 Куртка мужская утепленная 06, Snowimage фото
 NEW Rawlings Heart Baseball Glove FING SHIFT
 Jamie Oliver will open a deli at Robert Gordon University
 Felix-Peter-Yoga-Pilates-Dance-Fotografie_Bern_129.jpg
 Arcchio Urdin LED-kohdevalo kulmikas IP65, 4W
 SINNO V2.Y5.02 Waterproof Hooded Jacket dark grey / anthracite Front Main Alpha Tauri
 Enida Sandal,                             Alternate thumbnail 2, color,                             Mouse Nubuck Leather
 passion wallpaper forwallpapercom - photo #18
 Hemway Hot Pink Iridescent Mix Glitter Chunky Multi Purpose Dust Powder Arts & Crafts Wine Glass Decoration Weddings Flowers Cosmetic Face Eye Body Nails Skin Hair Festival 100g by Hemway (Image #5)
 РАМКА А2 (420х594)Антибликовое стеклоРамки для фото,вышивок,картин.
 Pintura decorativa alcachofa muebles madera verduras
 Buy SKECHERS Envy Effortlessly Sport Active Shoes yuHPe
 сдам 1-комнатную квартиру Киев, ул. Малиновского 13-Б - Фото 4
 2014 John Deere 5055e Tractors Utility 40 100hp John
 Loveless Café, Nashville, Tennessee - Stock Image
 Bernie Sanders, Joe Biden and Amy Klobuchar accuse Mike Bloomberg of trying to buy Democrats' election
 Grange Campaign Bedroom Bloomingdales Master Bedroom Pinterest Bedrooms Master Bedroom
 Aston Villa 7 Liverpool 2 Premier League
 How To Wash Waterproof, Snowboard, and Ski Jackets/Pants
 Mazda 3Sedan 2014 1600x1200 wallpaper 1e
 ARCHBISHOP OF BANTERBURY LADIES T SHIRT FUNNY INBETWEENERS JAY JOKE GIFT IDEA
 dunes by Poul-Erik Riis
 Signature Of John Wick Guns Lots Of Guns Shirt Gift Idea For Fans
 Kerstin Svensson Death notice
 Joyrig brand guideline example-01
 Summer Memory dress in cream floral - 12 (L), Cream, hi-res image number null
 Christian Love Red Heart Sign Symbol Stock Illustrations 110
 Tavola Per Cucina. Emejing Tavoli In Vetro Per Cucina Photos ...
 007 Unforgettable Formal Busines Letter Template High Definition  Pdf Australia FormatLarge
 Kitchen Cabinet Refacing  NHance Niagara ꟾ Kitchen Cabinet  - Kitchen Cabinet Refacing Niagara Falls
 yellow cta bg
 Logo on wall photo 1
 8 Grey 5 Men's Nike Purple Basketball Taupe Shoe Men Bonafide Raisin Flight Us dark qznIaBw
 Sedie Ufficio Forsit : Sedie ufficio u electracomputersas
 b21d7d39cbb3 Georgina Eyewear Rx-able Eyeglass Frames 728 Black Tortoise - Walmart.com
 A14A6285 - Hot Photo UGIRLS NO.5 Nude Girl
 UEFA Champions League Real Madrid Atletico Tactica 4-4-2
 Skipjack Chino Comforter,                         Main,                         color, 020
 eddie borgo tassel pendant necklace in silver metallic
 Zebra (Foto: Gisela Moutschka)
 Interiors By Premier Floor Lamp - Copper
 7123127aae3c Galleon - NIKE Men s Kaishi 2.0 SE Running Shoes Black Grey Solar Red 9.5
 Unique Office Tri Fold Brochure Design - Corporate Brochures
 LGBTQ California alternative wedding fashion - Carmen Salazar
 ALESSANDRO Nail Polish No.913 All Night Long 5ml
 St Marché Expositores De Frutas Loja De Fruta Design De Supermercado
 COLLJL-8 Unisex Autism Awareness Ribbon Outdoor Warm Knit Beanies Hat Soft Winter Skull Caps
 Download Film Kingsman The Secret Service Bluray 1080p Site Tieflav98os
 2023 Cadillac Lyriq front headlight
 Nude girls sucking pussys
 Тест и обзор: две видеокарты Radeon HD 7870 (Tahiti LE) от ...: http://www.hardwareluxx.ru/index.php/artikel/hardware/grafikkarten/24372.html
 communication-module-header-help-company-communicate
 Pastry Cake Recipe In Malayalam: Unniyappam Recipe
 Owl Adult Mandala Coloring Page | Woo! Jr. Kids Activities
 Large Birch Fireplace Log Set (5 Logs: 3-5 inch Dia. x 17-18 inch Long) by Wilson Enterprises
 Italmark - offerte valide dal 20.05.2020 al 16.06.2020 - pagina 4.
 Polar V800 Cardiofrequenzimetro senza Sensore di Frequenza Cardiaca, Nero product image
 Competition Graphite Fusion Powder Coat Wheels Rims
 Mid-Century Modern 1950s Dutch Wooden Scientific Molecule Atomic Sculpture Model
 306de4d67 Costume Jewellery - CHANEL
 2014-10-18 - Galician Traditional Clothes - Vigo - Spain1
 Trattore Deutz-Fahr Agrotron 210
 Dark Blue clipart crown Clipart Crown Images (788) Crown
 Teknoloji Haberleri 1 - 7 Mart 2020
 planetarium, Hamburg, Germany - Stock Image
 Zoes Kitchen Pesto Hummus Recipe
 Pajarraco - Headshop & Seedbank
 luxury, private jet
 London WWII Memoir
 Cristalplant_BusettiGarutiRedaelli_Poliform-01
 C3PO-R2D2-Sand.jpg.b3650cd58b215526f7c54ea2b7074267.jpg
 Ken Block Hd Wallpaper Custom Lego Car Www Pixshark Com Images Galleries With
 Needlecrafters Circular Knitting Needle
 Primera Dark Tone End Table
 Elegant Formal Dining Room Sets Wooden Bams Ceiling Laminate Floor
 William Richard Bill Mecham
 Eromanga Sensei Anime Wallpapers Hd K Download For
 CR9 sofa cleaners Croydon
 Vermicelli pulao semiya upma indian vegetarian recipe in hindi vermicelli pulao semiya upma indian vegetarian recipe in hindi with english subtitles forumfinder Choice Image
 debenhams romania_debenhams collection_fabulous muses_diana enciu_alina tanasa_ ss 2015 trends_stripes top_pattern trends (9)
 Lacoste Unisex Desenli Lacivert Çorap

^^^^

If a line in the records above contains the string "Download", copy that line out.

**Output for this task:**
 Download Film Kingsman The Secret Service Bluray 1080p Site Tieflav98os
 Eromanga Sensei Anime Wallpapers Hd K Download For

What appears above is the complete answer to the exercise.